We will be using Titanic dataset from Kaggle. To download or know more about the dataset click here. If you are just beginner in this field check out my tutorials on Machine learning- Part - 1, Part - 2 and Part - 3. You can find github repository here.
#import dependecies
import pandas as pd
from sklearn.model_selection import train_test_split
from sklearn.preprocessing import StandardScaler
#read data set
df = pd.read_csv("Datasets/Titanic/train.csv")
df.head()
#prepare data set
X = pd.DataFrame()
X['Sex'] = df['Sex']
X['Age'] = df['Age']
X['Survived'] = df['Survived']
X = X.dropna(axis=0)
X.head()
#seperate data and target vars
y = X['Survived'] #don't forget to save target(dependent) var- once we'll drop it we won't be able to get it back
X = X.drop(['Survived'],axis=1)
#let's make sure
X.head()
X['Sex'] = pd.get_dummies(X.Sex)['male'] #1 for male or else 1
scaler = StandardScaler()
X =scaler.fit_transform(X) #why I need to do this? -> ans - http://scikit-learn.org/stable/modules/preprocessing.html#preprocessing-scaler
X_train, X_test, y_train, y_test = train_test_split(X,y, test_size=0.3, random_state=42)

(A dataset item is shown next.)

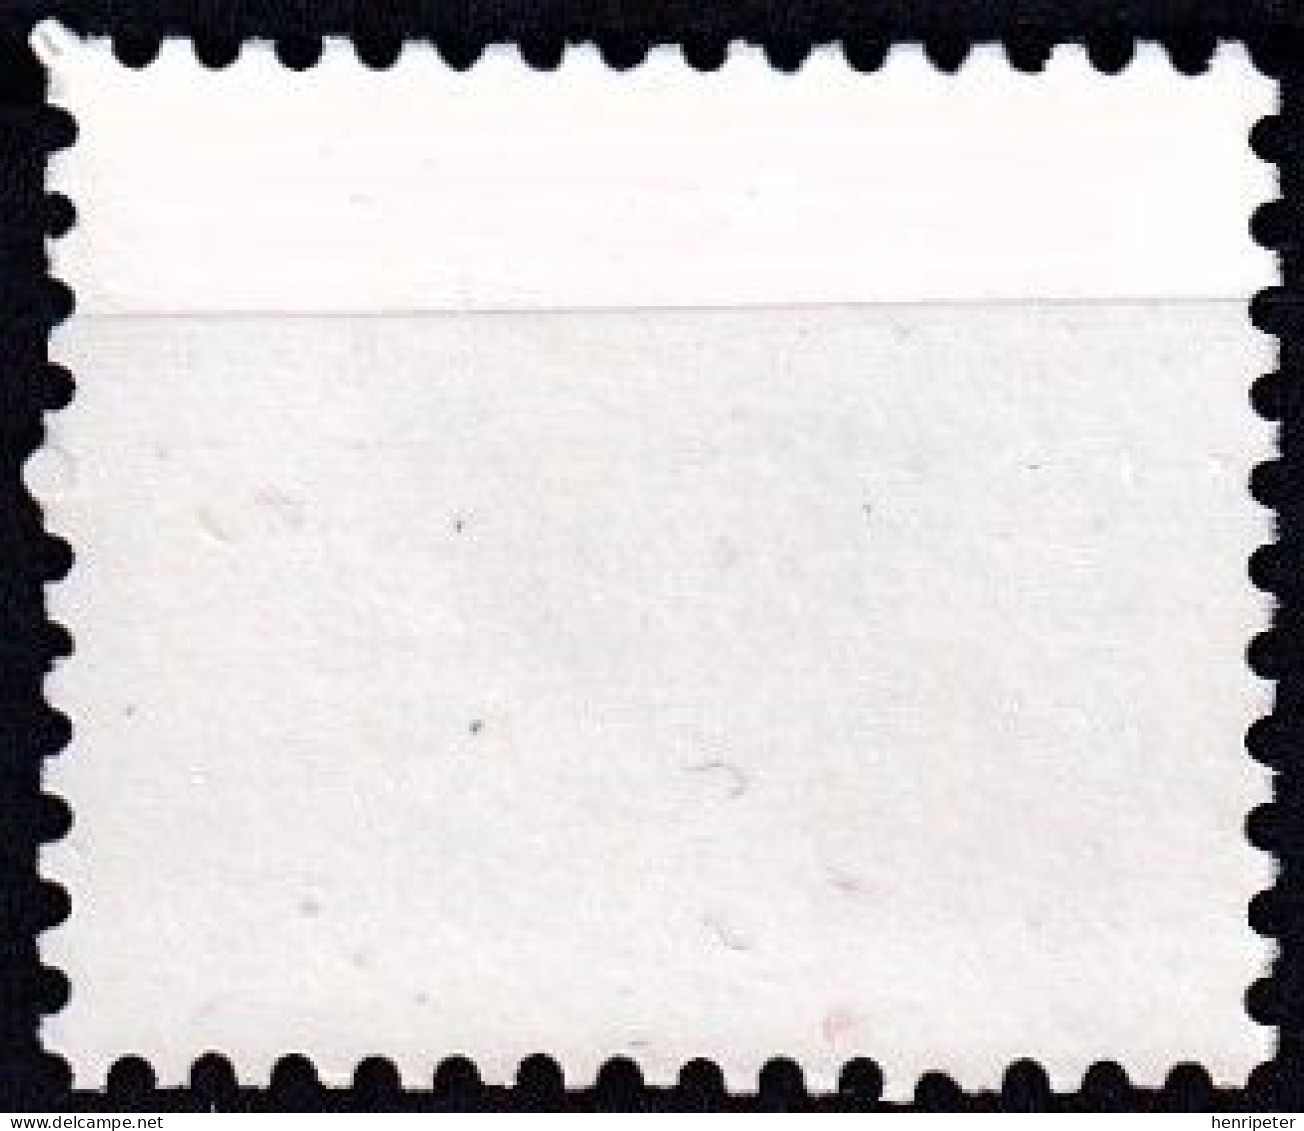 Timbre-poste Gommé Dentelé Neuf** - Figures Chiffres Mark Post And Emblem - N° 1745 (Yvert Et Tellier) - Brésil 1985 - Ungebraucht

from sklearn.linear_model import LogisticRegression
model = LogisticRegression()
model.fit(X_train, y_train)
#checking accuracy on training dataset
model.score(X_train, y_train)
pred = model.predict(X_test)
#better metric for binary classification is area under the curve
from sklearn.metrics import roc_auc_score
auc = roc_auc_score(y_test, pred)
print(auc)
from sklearn.metrics import classification_report
print(classification_report(y_test, pred))
#The f1-score gives you the harmonic mean of precision and recall.
#The scores corresponding to every class will tell you the accuracy of the classifier in classifying the data
#points in that particular class compared to all other classes.
#The support is the number of samples of the true response that lie in that class.
Try using another model such as Random Forest. Change the penalty parameter or regularization strength parameter of the model. You can also perform other preprocessing on the dataset.